Here's what it looks like.

In [22]:

import pandas as pd
from utils import plot_contour

plot_contour(pd.DataFrame(prior_hyper, index=mus, columns=sigmas))
decorate(title="Joint prior of mu and sigma")

Out[22]:

Joint prior of hyperparameters and x

Now we're ready to lay out the grid for x, which is the proportion we'll estimate for each hospital.

In [23]:

xs = np.linspace(0.01, 0.99, 295)

For each pair of hyperparameters, we'll compute the distribution of x.

In [24]:

from scipy.special import logit

M, S, X = np.meshgrid(mus, sigmas, xs, indexing='ij')
LO = logit(X)
LO.sum()

Out[24]:

-6.440927791118156e-10

In [25]:

from scipy.stats import norm

%time normpdf = norm.pdf(LO, M, S)
normpdf.sum()

Out[25]:

CPU times: user 69.6 ms, sys: 16.5 ms, total: 86.1 ms
Wall time: 84.9 ms

214125.5678798693

We can speed this up by computing skipping the terms that don't depend on x

In [26]:

%%time

z = (LO-M) / S
normpdf = np.exp(-z**2/2)

Out[26]:

CPU times: user 26 ms, sys: 10.6 ms, total: 36.6 ms
Wall time: 35.1 ms

The result is a 3-D array with axes for mu, sigma, and x.
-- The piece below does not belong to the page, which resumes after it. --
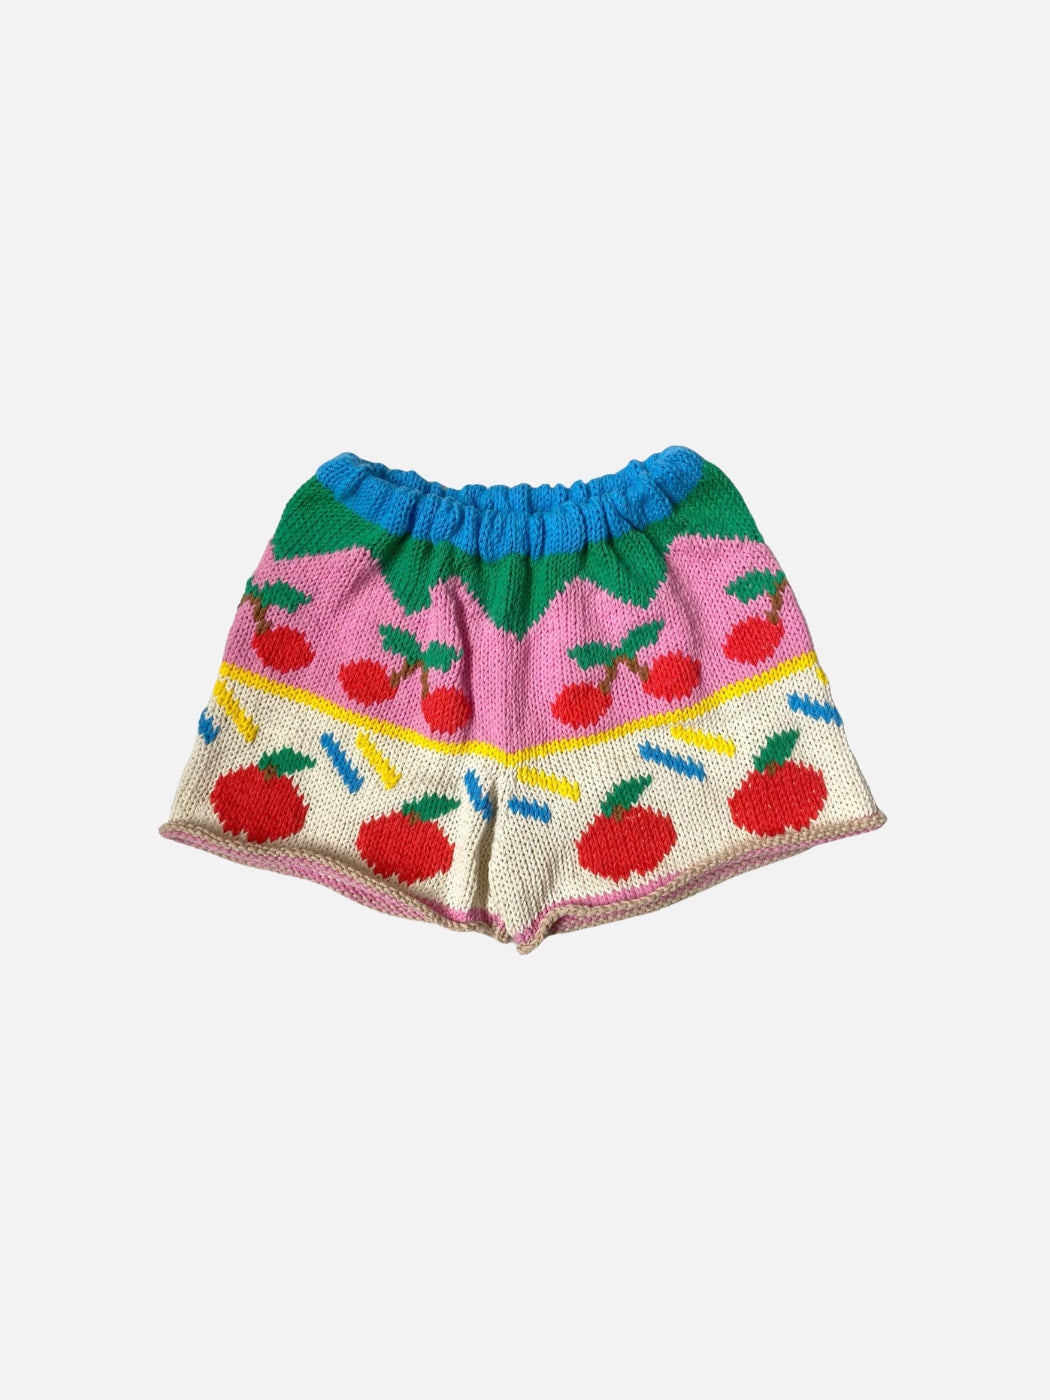 Tutti Frutti Shorts Preorder

Now we need to normalize each distribution of x.

In [27]:

totals = normpdf.sum(axis=2)
totals.shape

Out[27]:

(101, 90)

To normalize, we have to use a safe version of divide where 0/0 is 0.

In [28]:

def divide(x, y):
    out = np.zeros_like(x)
    return np.divide(x, y, out=out, where=(y!=0))

In [29]:

shape = totals.shape + (1,)
normpdf = divide(normpdf, totals.reshape(shape))
normpdf.shape

Out[29]:

(101, 90, 295)

The result is an array that contains the distribution of x for each pair of hyperparameters.

Now, to get the prior distribution, we multiply through by the joint distribution of the hyperparameters.

In [30]:

def make_prior(hyper):

    # reshape hyper so we can multiply along axis 0
    shape = hyper.shape + (1,)
    prior = normpdf * hyper.reshape(shape)

    return prior

In [31]:

%time prior = make_prior(prior_hyper)
prior.sum()

Out[31]:

CPU times: user 5.57 ms, sys: 0 ns, total: 5.57 ms
Wall time: 4.87 ms

0.999937781278039

The result is a 3-D array that represents the joint prior distribution of mu, sigma, and x.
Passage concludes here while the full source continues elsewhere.